Besides, the juxtaposition of the “Man in Blue 1”, a painting in flesh and blood by Bacon, with a film about the life of the same painter was an interesting one: the immobility of the painting versus the time of the moving image. The same divergence is at work in Vienna with the “Safety Curtain” series. The structure of music and opera, just like the movies, is based on the passage of time: the time of and on stage or “time becomes space” (Parsifal). In the context of the “liveliness” of a theatre or a stage the immobility of a painting (just like most sets) may feel rather awkward. Yet this is an interesting “strangeness”: What we experience is the tension between “performance” and “latency”, or, from my point of view, things that are not taking place or that are taking place in a different way than expected.
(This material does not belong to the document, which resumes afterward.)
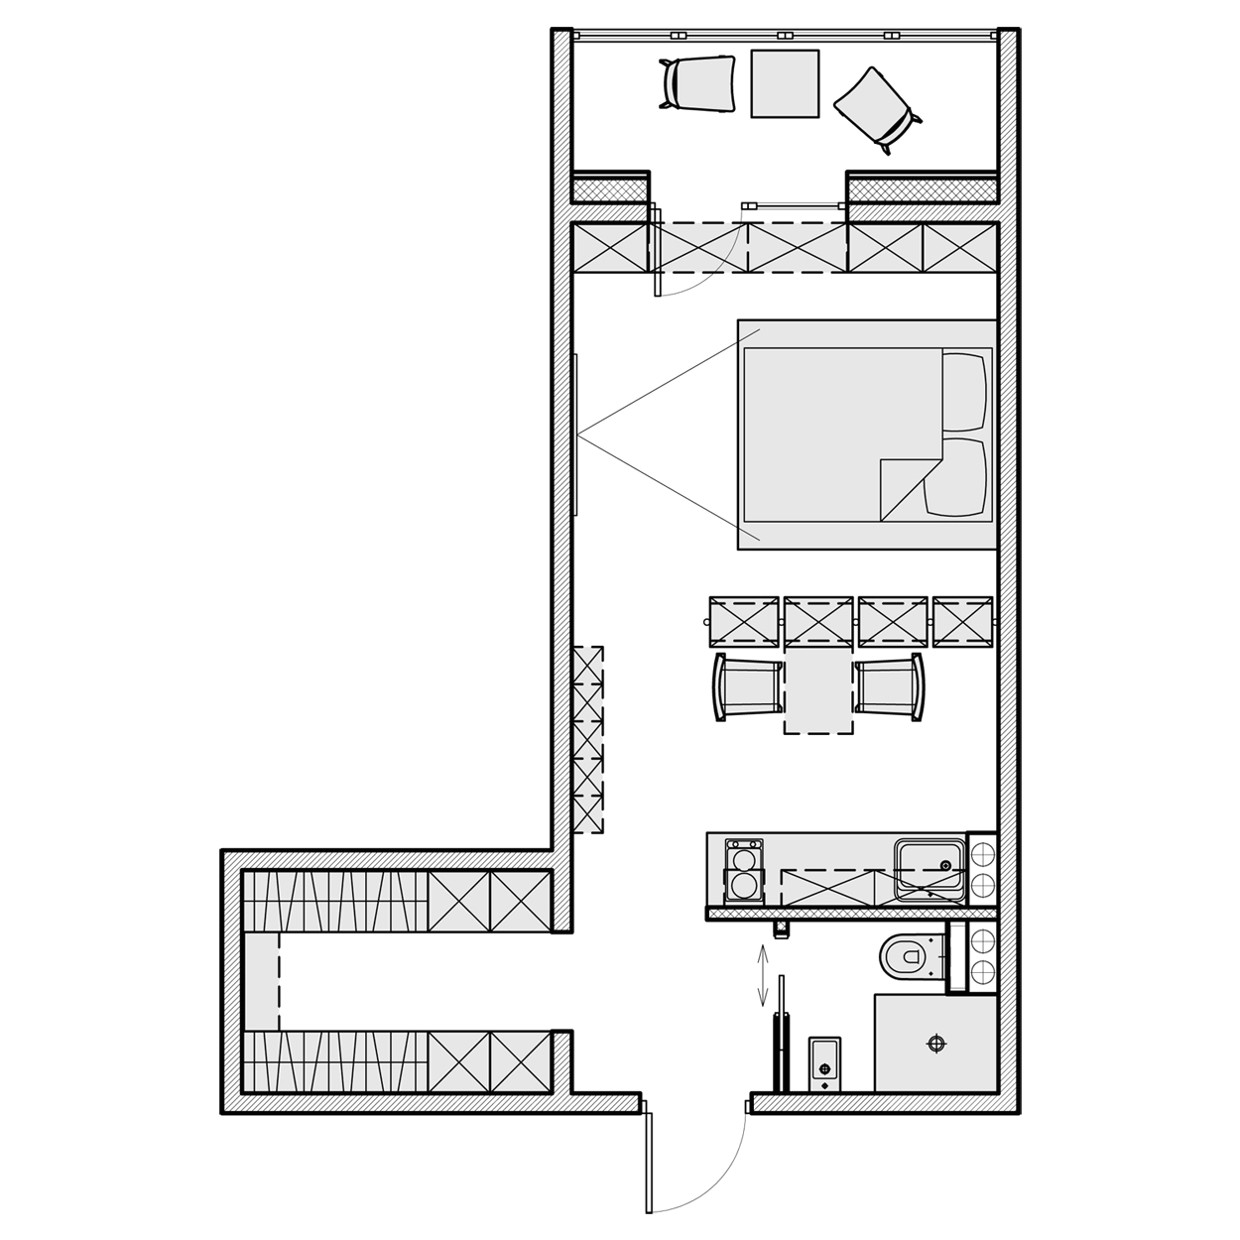 3 beautiful homes under 500 square feet floor plans included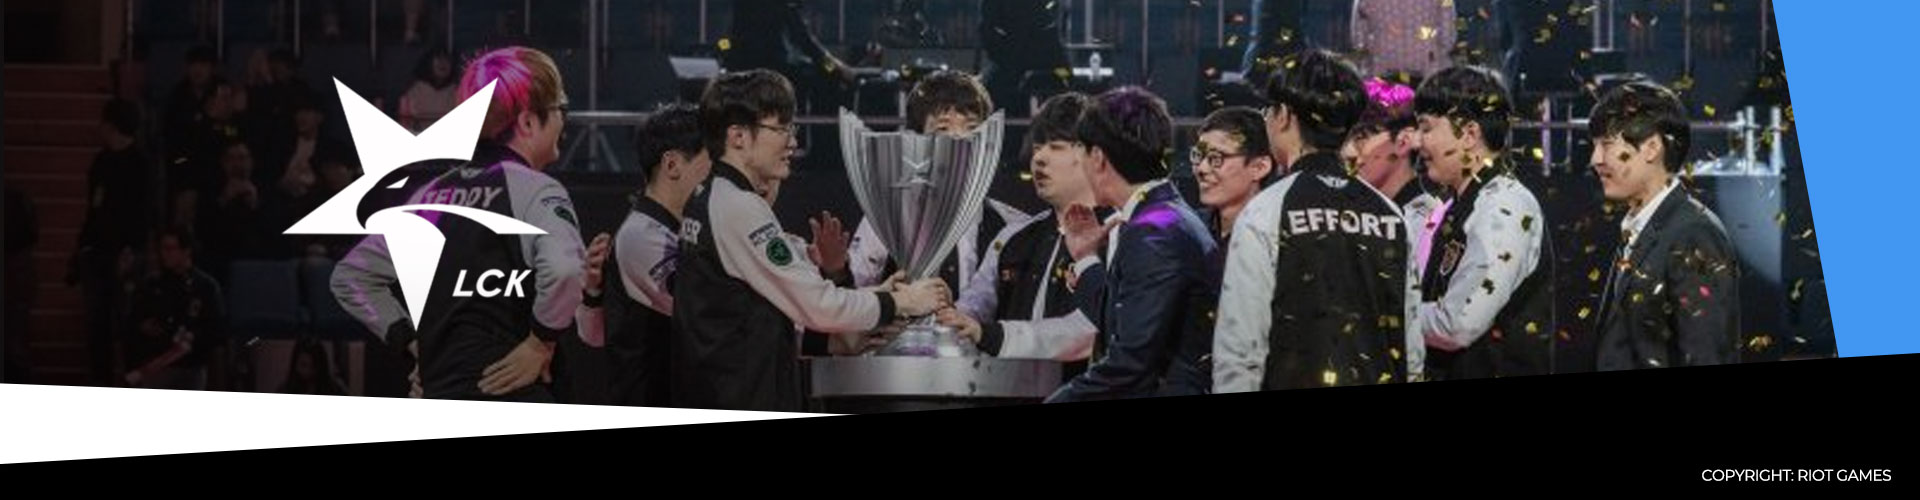 Power Rankings for LCK Spring 2020

But before we take a deeper look at this aspect, which I believe is at the very heart of the Vienna project, we should address the “time-space” feature of the theatre-curtain as such. The tradition that performances are punctuated by the rise and fall of a sheet of cloth goes back to ancient times. In more recent times sometimes actors appear or actions take place even before the beginning of the very play – in front of the curtain. Presumably, the main reason for these pre-textual prologues, which blur the starting point of the play, is a greater sense of realism. A sense that the performance is joining a story that has begun some time before. The strategy is risky because in the audience it often creates a sense of unease: are we “in” or are they “out”? In modern plays the safety curtain is also sometimes used to form such a double bind, mostly in order to create a transition which is different or “other” from pre-play to play. The same is true for the “Safety Curtain” series at the Vienna State Opera – each work of art is present throughout an entire season, thus the “pre-scene” of the same work is accompanying the audiences of different productions.

Yet this leads us to the “latency” or the productive ambiguity of these “outside” images or “exhibited artworks” – an ambiguity in particular with regard to the productions taking place, the combinations of music and texts. “The outside, if only by a long and unfamiliar detour, is formally an aspect of the inside”, writes Georg Simmel in his essay on “Individuality and Social Forms”. Anselm Haverkamp’s many remarks and texts about the “latency period” are exploring these uncanny, blurring time experiences as well. In the context of the Vienna project his definition of “latency” works especially well. Haverkamp understands latency as a permanent meaningful reconfiguration of an operating “figure in deconstruction”. Consequently, he defines culture as “dealing with the other lurking in what is one’s own”. The art works exhibited on the Vienna opera’s safety curtain by such outstanding artists as Tacita Dean, Richard Hamilton, David Hockney, Maria Lassnig, Cy Twombly or Kara Walker, to name only a few, can indeed be read in the same way. They are to be read anew every single time. Their “ambiguity” resides then, to quote Haverkamp’s predecessor and great role model, the philosopher Hans Blumenberg in “their indefiniteness together with its purported infinity“. Or in Haverkamp’s own words, in his essay “Die Zweideutigkeit der Kunst” (The Ambiguity of Art): “What looms, hangs or otherwise insists is the threshold of incompleteness on which art is sitting tight in spite of all the political and ‘anthropological’ impositions.”

In a recent conversation with Anselm Haverkamp about the theatre I said, “We must have the courage to conceive the theatre as an exhibition and vice versa. This could lead to a third form in which the incomplete, the unspeakable und the invisible have a fundamental role”, to which Haverkamp replied, “These are structural contexts which are spatial; and they are spatial because they must be conceived in relation to time. For, in this case, the emancipatory progressing moment is not time but the regression into space. Space reconstructs the course of time and in this reduced space you arrive at what Chris calls ‘the unfinished’.” In that sense too, the museum in progress project in Vienna will never be complete even if it already presents the twentieth “Safety Curtain” at the Vienna State Opera.